**Instructions for the task**:
Please, without any pictures, transcribe the lines from the one holding "A cover placed" to the end of the listing, both ends included.

[[ Collected material, beginning ]]

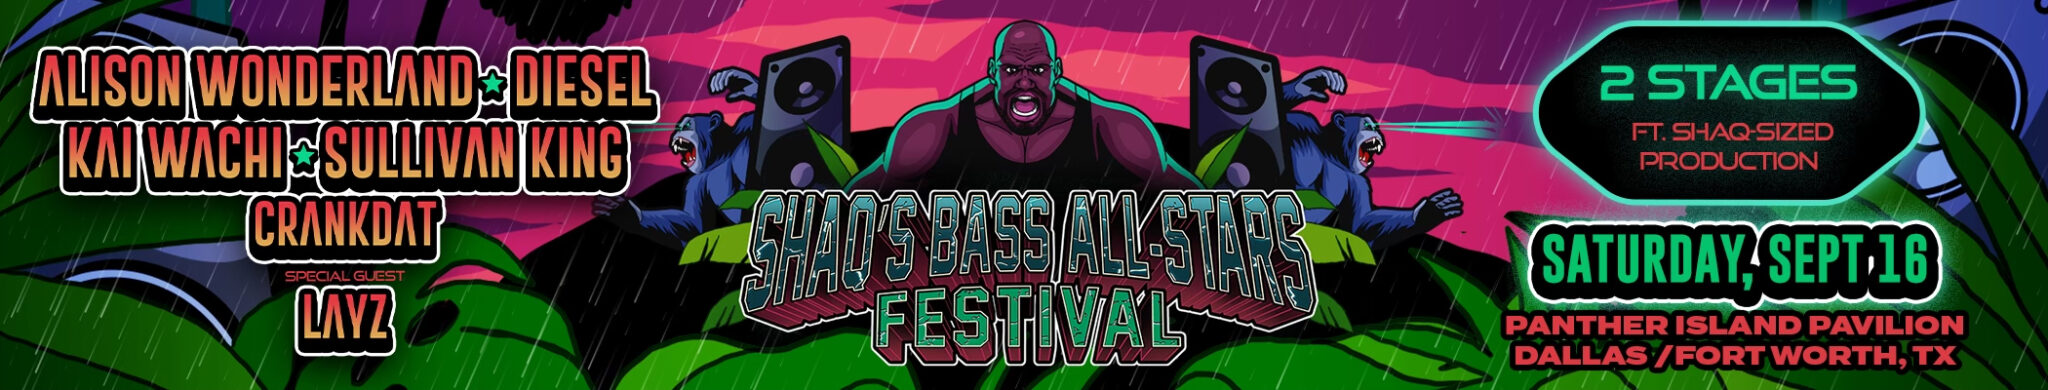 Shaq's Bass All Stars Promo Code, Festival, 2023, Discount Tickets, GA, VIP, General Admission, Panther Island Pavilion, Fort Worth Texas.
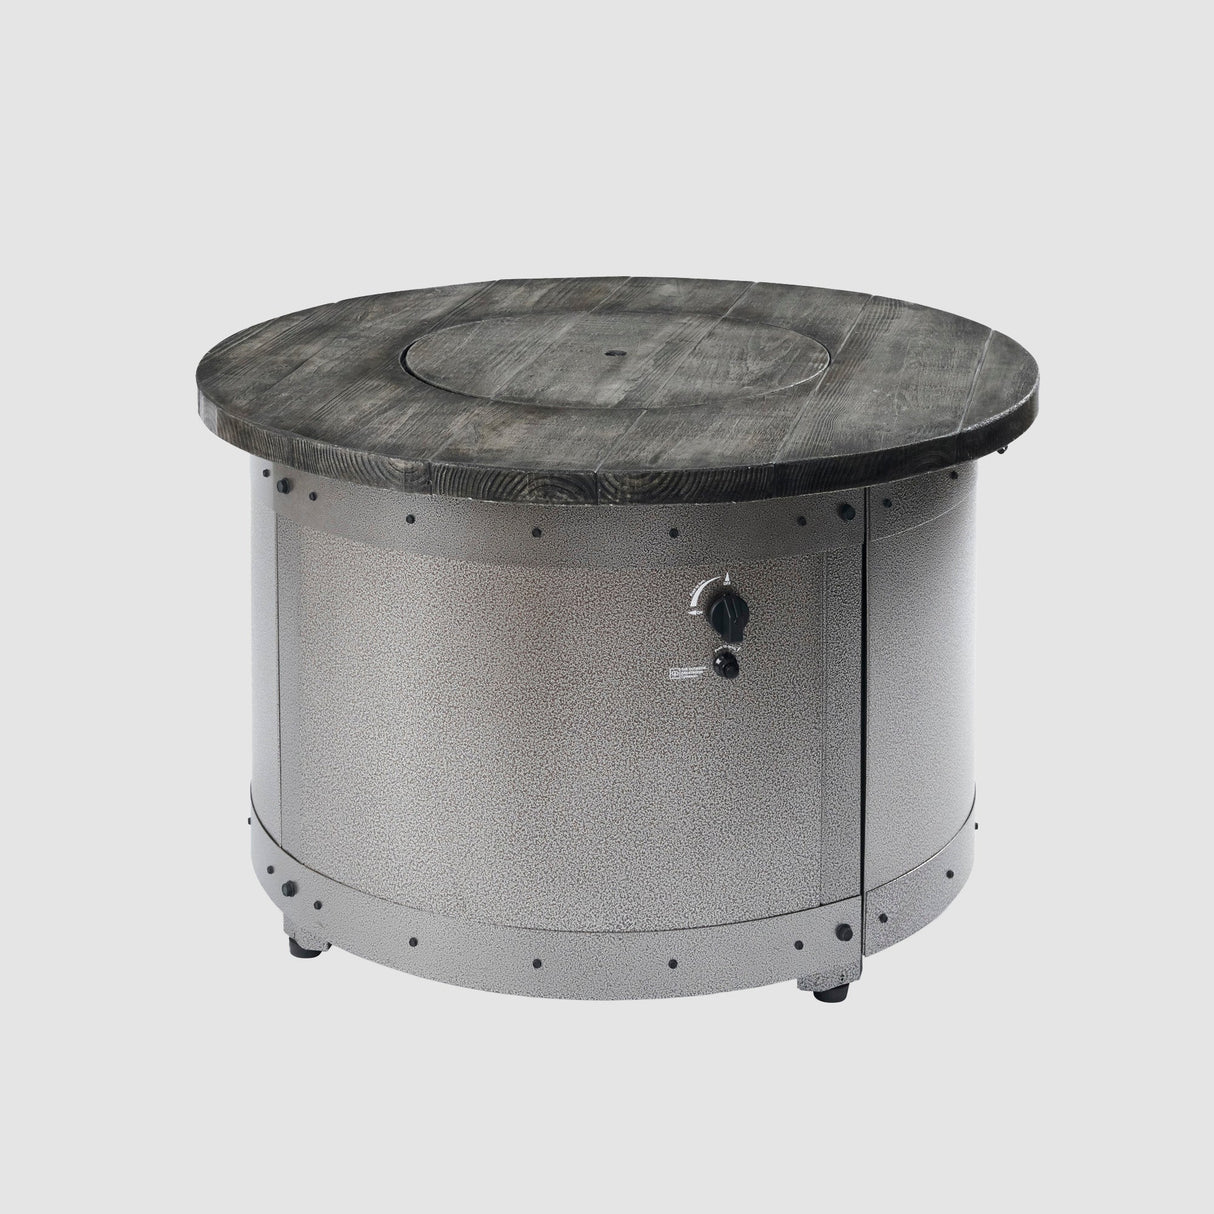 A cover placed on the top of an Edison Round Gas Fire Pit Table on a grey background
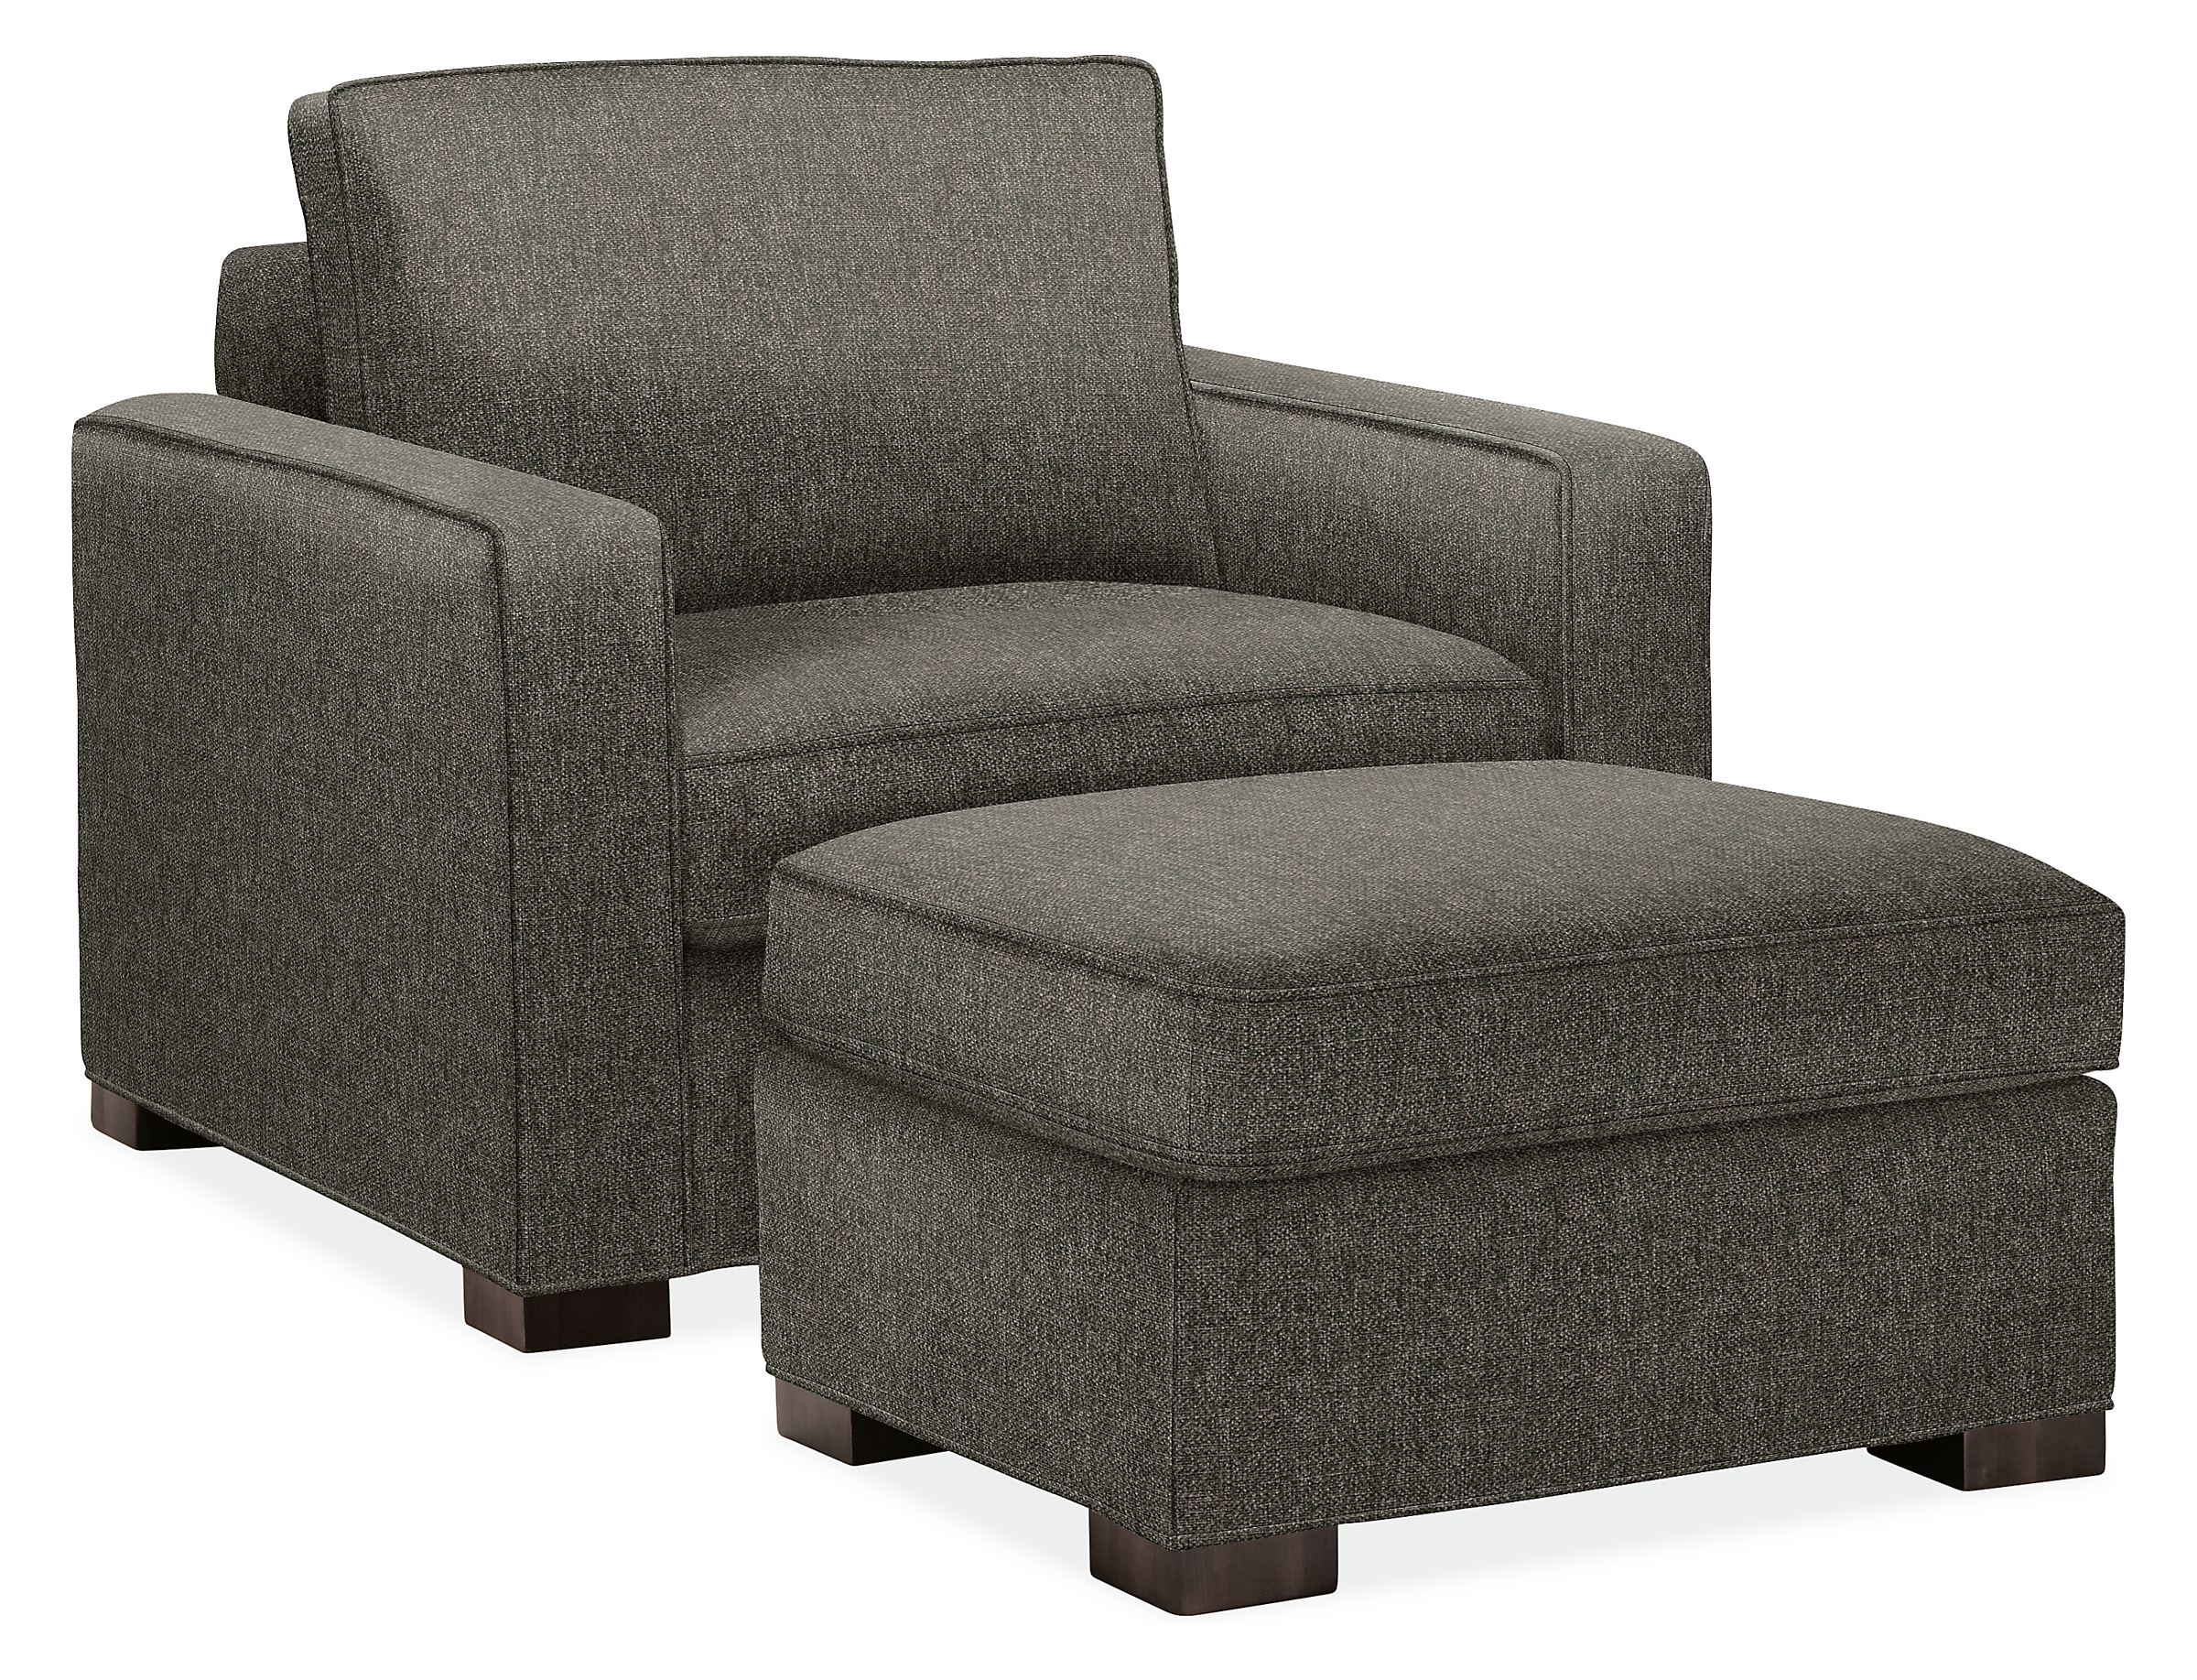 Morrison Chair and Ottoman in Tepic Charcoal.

[[ Collected material, end ]]

**Reply**:
 A cover placed on the top of an Edison Round Gas Fire Pit Table on a grey background
 Morrison Chair and Ottoman in Tepic Charcoal.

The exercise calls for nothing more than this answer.